On a separate issue, although our aim was to capture participants’ self-report anxiety levels, it would have been informative had we supplemented our respondent ratings with heart rate data, physiological markers [24,25], or audience perceptions [21], to examine both the internal and the overt behavioral signatures that accompany this form of anxiety [8]. Indeed, a more comprehensive approach such as this would enable future assessment to be more consistent with the longstanding notion that one’s emotional responses (such as anxiety) can be measured according to three systems—one’s affective reports (as we assessed in this study), one’s physiological signals, and one’s overt behavioral responses [66,67]. The nature of the group-based presentation format also has implications for future measurement considerations. Most notably, despite participants being randomly assigned to groups, it may be valuable in future—in cases where a group-based procedure is employed—to assess and control for relevant in-group communicative and social factors (e.g., perceptions of support, cohesion) that might shape presenters’ anxiety levels/interpretations.

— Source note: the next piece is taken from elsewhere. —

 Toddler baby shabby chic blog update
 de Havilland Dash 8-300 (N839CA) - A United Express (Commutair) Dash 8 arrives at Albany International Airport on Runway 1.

It would also be valuable in future to compare the efficacy of different anxiety-focused inoculation treatments. To elaborate, two of the three counterargument-refutation pairings in our message were focused on reducing the perceived demand placed on participants (i.e., through material highlighting the illusion of transparency and spotlight effect), whereas the remaining pairing provided information that was focused toward enhancing respondents’ perceived coping resources (i.e., the reappraisal material). In future, it would be worthwhile to more specifically compare the effectiveness of ‘demand minimization’ inoculation messages, in which the aim is to alleviate anxiety, with ‘resource maximization’ messages, in which the aim is to help individuals reappraise and more effectively manage their anxiety [21].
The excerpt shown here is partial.